What is Christian Counseling?


North Coast Family Foundation is an out-patient mental health practice that has counselors and psychologists who provide psychological and counseling services to all who seek our services.
However, many who desire to utilize and honor their faith choose our services due to our training and experience in the field of Christian counseling, a specialty recognized by many insurance companies. NCFF never imposes Christianity on its clients but is willing to integrate faith into treatment with those who express a desire to involve their belief in God.
So what is Christian counseling?

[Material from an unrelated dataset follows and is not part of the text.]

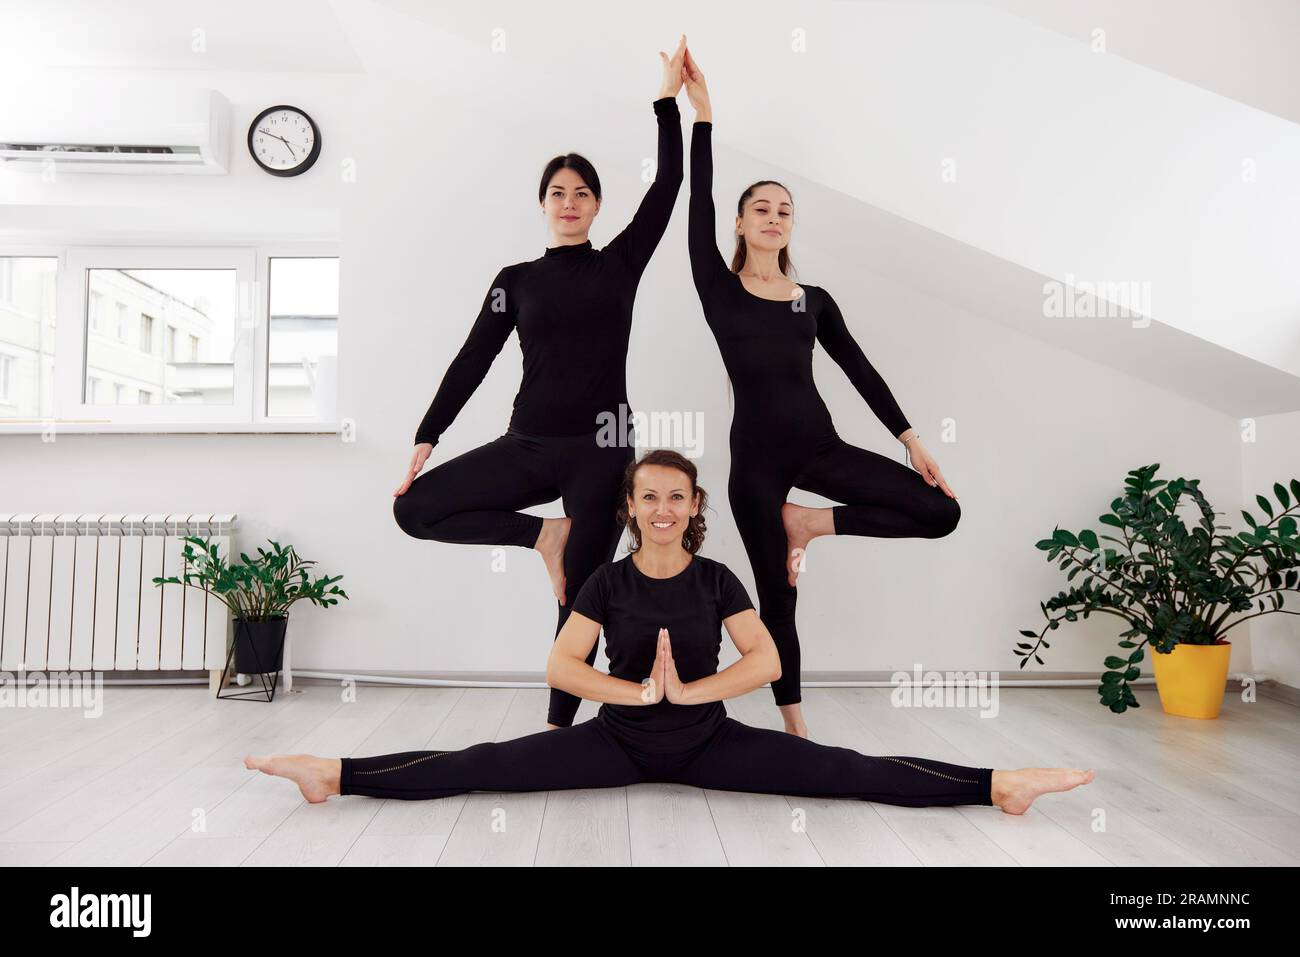 yoga poses – yoga poses for three people

While many effective treatment approaches have principles based on Eastern religions, atheist beliefs or other religious or philosophical systems, our approach utilizes and respects a Christian world view.
Though NCFF counselors value and employ treatments from many schools of thought, our Christian counselors recognize that God is actively involved in our counselee’s lives. Our belief is that “You Don’t Have to Journey Alone”. God works with people who are in emotional, psychological, and spiritual pain. He is involved through his Word, his people, and his Spirit. NCFF counselors have years of in-depth training so that faith is effectively and appropriately utilized in the counseling process.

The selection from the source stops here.